I did not misquote the article that you mention. In fact, I attached a link for or "cut and pasted" into the text. The world renown Ebola scienetist had experienced an exerience of airborne transfer in the lab, and stated in said article that it's possible that this could happen in non-lab conditions. I can find the article again, if you like.
I don't have a clue if Trump is doing what I believe that he should do to minimize the likelihood of a US outbreak, as I've paid little attention to today's events regarding this situation. Hell, I didn't hear about this current African outbreak until I read Diego's post.
I found an article on this, and you might pay attention to the headline.
Echoing an oft-repeated mantra these days concerning the spread of Ebola, a medical expert testified at a congressional hearing last month that it's "incredibly unlikely" the virus will mutate to become airborne.
"A virus that doesn't replicate, doesn't mutate," Dr. Anthony Fauci, of the National Institutes of Health, the federal government's top medical research agency, told members of the U.S. House Foreign Affairs subcommittee Sept. 17.
Not quite, countered a Purdue University medical researcher.
David Sanders, an associate professor of biological sciences, said that to discount the virus' potential to become airborne is dangerous.
"I don't want people to get worried right now, but for people to say there's zero chance is simply incorrect," Sanders said. "It's not something to be dismissed."
Infectious disease experts agree that evidence suggests the virus currently spreads through contact with bodily fluids and not through the air.
"Ebola virus disease is not an airborne infection," according to the World Health Organization. "Airborne spread among humans implies inhalation of an infectious dose of virus from a suspended cloud of small dried droplets. This mode of transmission has not been observed during extensive studies of the Ebola virus over several decades."
Sanders didn't dispute that stance. It's medically inaccurate and disingenuous, however, to dismiss research showing that Ebola could actually mutate to become airborne.
"I can't put a number on it, but I can tell you it's a non-zero number," Sanders said of the odds of Ebola spreading through the air. "The longer it persists, the more cases there are, the more likely it is."

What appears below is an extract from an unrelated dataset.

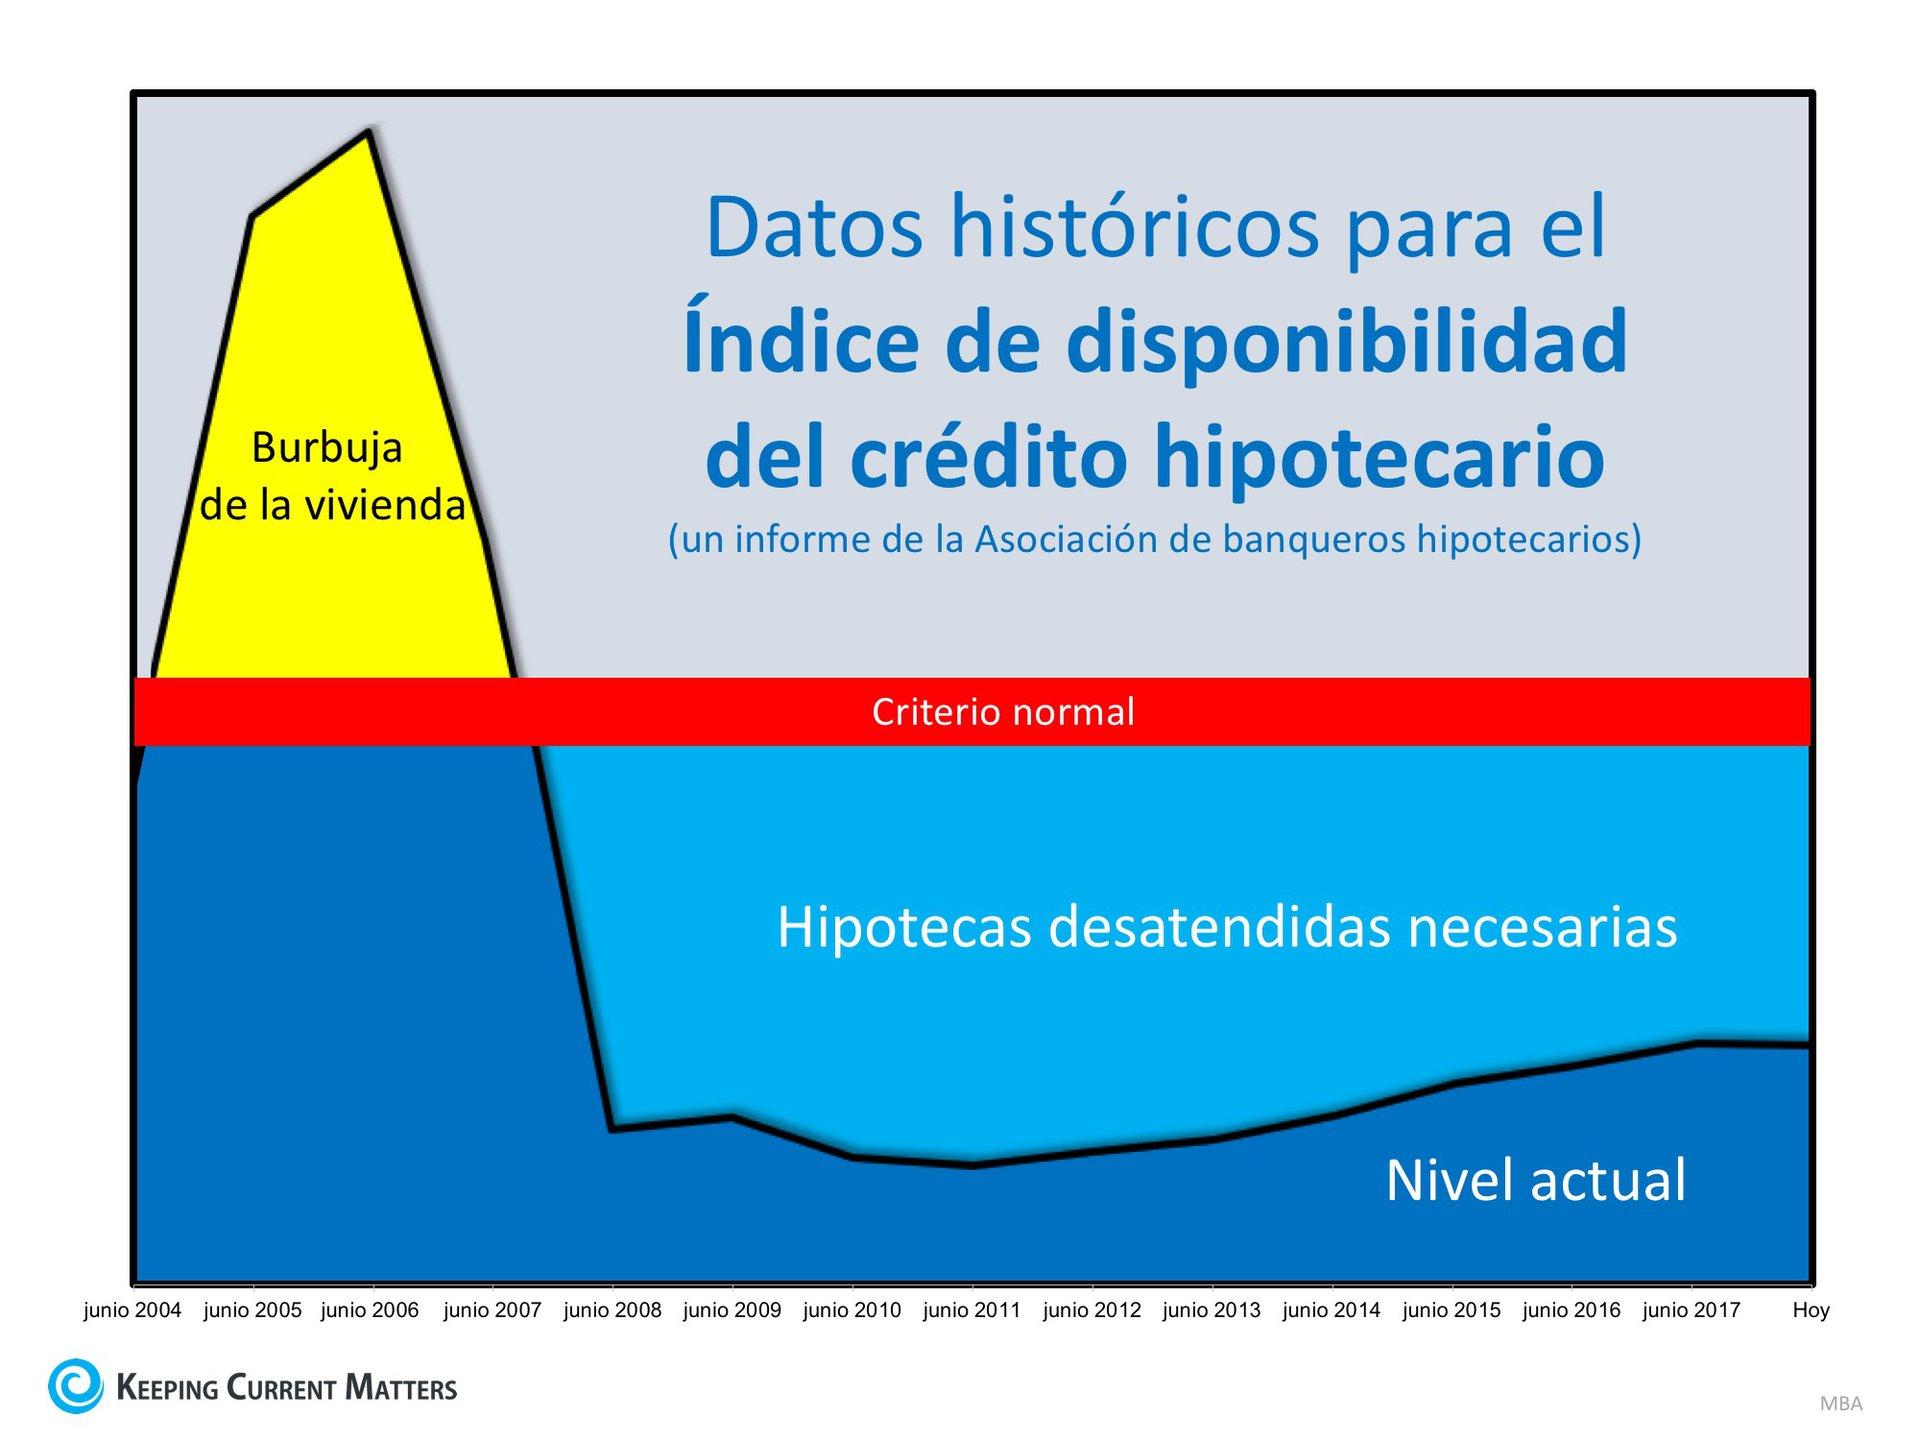 ¿Están los criterios de concesión de préstamos muy flexibles… o muy estrictos? | Keeping Current Matters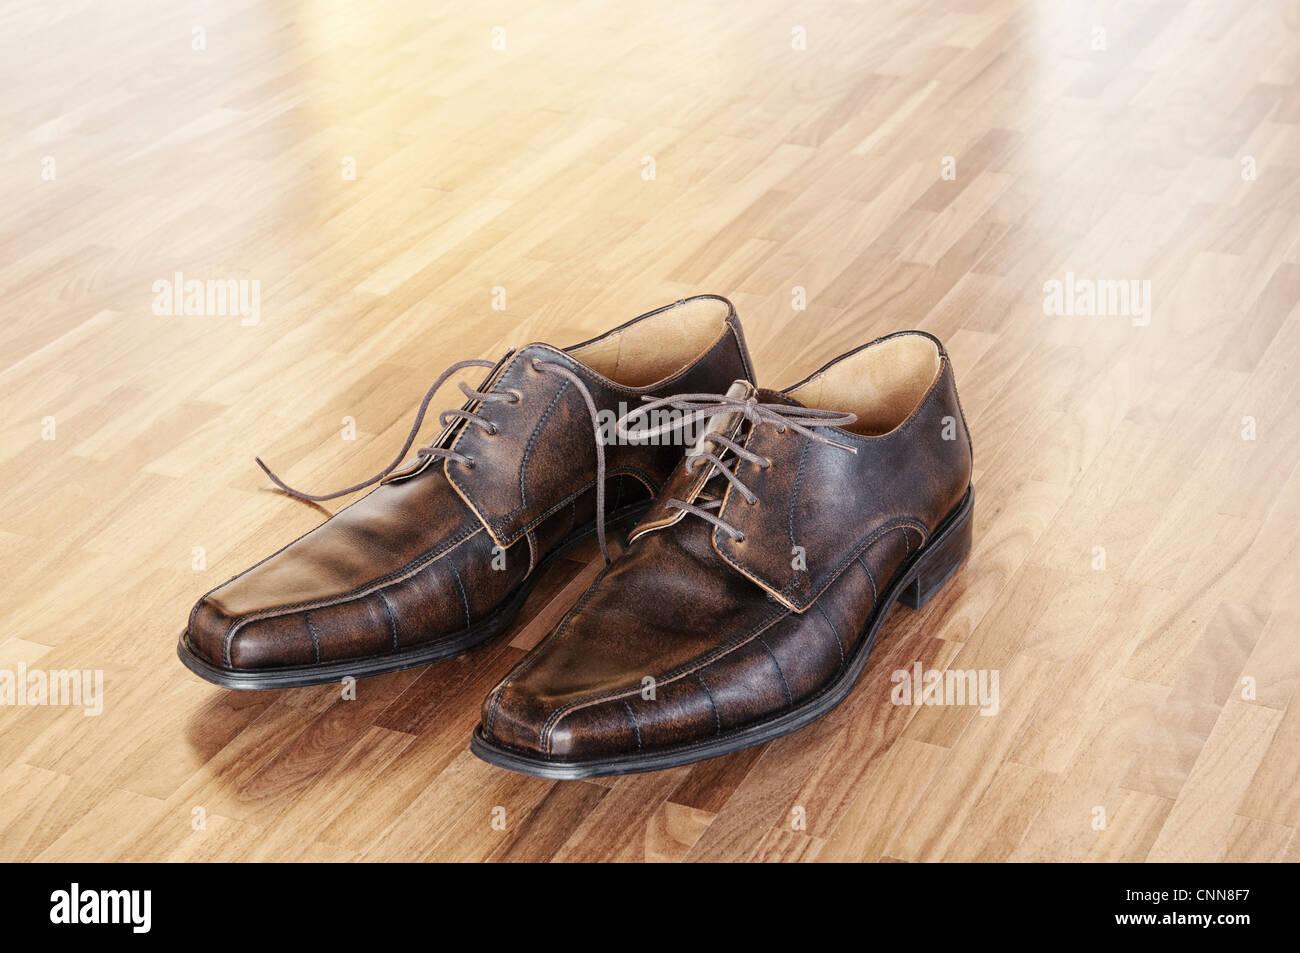 Une paire de chaussures dans une maison de l'intérieur. Photo Stock

The debate comes amidst what the Centers for Disease Control and Prevention has called the largest Ebola epidemic in history. In the past month, the virus has gripped three West African countries — Guinea, Liberia and Sierra Leone — resulting in more than 7,000 people diagnosed with Ebola, with nearly half of those succumbing to the disease.
The outbreak has sparked debate in the U.S. over the danger the virus poses to Americans. On Sept. 30, officials identified the first case of Ebola in the U.S. in a patient that had traveled into country from Liberia. Another patient was diagnosed with Ebola in Texas earlier this week.
Sanders said the confusion began with a New York Times Sept. 11 editorial, "What we're afraid to say about Ebola," by Michael T. Osterholm that recounted possible scenarios following the outbreak.